Фауст отвернулся. Он подошел к костру, присел, поворошил угли. Маргарита, стараясь не производить шума, расположилась рядом. Она осторожно положила свою ладонь поверх его, слегка стиснула пальцы.

Это обыденное движение-прикосновение породило в душе Фауста смятение, взметнуло белый вихрь чувств, неизвестных дотоле. Давно, очень давно любое прикосновение пробуждало в нем неприязнь, ненависть, агрессивность, воспринималось как покушение на его жизнь. Приспособившись к этому миру, он научился различать их, безопасные от несущих угрозу, даже предчувствовать. Но по сегодняшний день в нем жило чувство собственной обособленности, и весь мир делился на две неравные части, большую и меньшую: он и все остальное. Теперь появилось новое: он и Маргарита — одно, он и целый мир — одно, и дело заключалось даже не в тех определенных и названных людьми чувствах, не в осознании близости и взаимопонимания его и молодой женщины — а во внутреннем проникновении. В общении с Профессором Фауст не однажды приближался к этой черте, но никогда не переступал. А сейчас…

— О чем ты думаешь? — Марго не шевелится, точно боясь порвать тончайшую нить, связавшую их.

— Не знаю. Сразу о многом. Мне кажется, я тебя люблю, — он скосил глаза, страшась увидеть на ее лице неудовольствие или насмешку, заторопился. — Я не вполне отчетливо это себе представляю и словами высказать не сумею… Еще думаю, как разубедить пацанов в высшем авторитете Юнца, чем разбудить их, и эту казарменную дисциплину роботов, будущих солдат-убийц, сделать осознанной, подчиненной большему человеческому долгу, чем долг перед замкнутой группкой… Удивляюсь тому, что музыканты играют на площади: снег идет, а они играют. И мимо нас прошли спокойно, не начали стрелять… Мне еще кажется, я понял, почему Ивонна чертил рукой крест. Вот смотри…

Из кучки дров, припасенных для поддержания огня, он вытащил две прямых палки, одну длиннее, другую короче.
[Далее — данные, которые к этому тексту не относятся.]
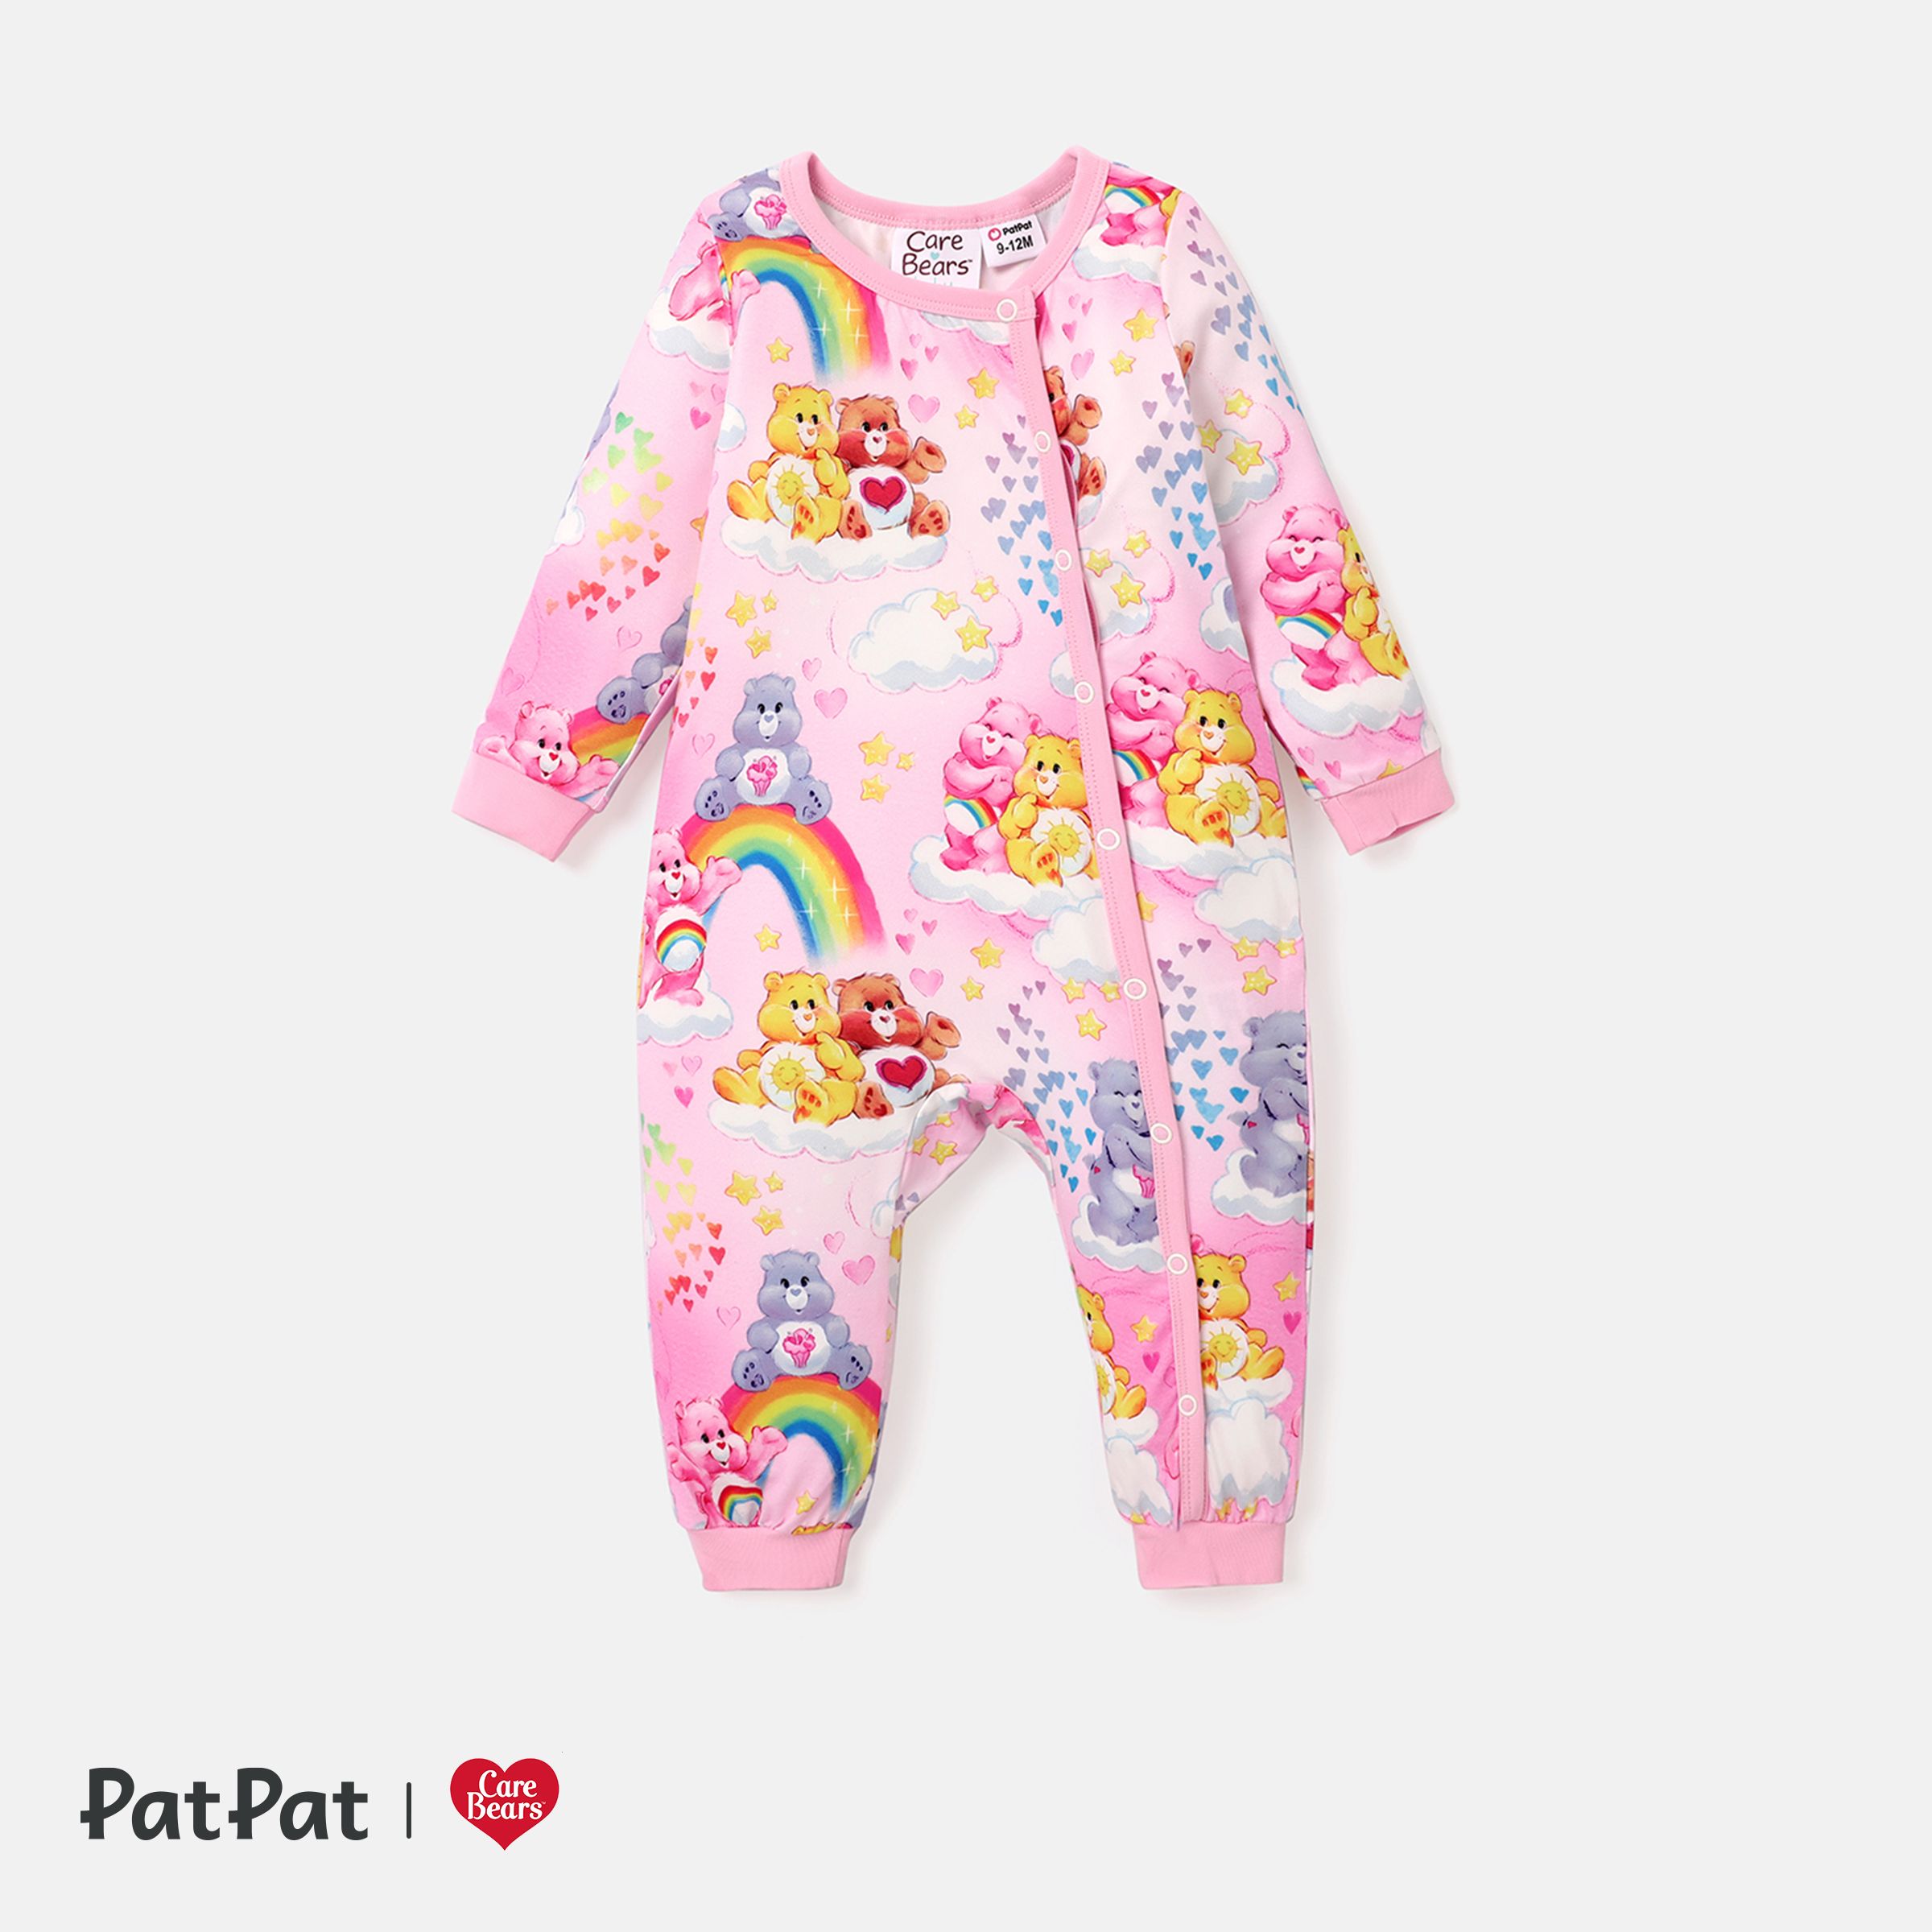 Care Bears Baby Girl Cute Romper / One Piece

— Видишь: палки, ничего особенного, что одна, что две, что куча — дрова. Но вот я накладываю меньшую серединой на большую, примерно на треть от верхнего края. Те же две палки, но в сознании они сливаются в одну сущность — крест. Уже неделимую. Расположи их под острым углом друг к другу, смести меньшую — ощущение цельности странным образом разрушается. Наверное, потому, что в окружающем нас можно увидеть, отыскать такое соединение или наложение. Если же ввести два крохотных условия: одна палка проходит через другую посредине и под прямым углом, — новая сущность. Может статься, крест был самой первой конструкцией, созданной человеком рукотворно. Он, возможно, древнее и колеса, и рубила, и каменного топора. Смысл его доступен любому разумному существу, независимо от уровня развития. Ну, представь, мы с тобой попали в незнакомое место, кругом невообразимый хаос, нагромождение непонятных предметов, и вдруг — крест. Сразу станет ясно: здесь побывало до нас разумное существо. А?!

Маргарита, сидевшая до того неподвижно, вдруг расхохоталась.

— Знаешь, Фауст, — заговорила она, перемежая слова приступами смеха. — Иногда ты мне представляешься таким умным… А иногда — ну мальчишка мальчишкой. Понахватался у Профессора ученых слов и лопочешь невесть что. Вот ответь, ну какую практическую пользу могут принести твои размышления о палках и кресте?

— Не знаю, Марго. Впрочем… я хочу вырубить такой знак на плите, под которой Профессор с Гермом. Мы уйдем насовсем, нас не станет, будут другие люди или не люди, кто-то, что-то, ведь фоновый уровень радиации настолько высок, что, по-видимому, скоро камни начнут думать: и они поймут, что плита лежит не просто так, не сама по себе. Они поймут этот знак, как предостережение.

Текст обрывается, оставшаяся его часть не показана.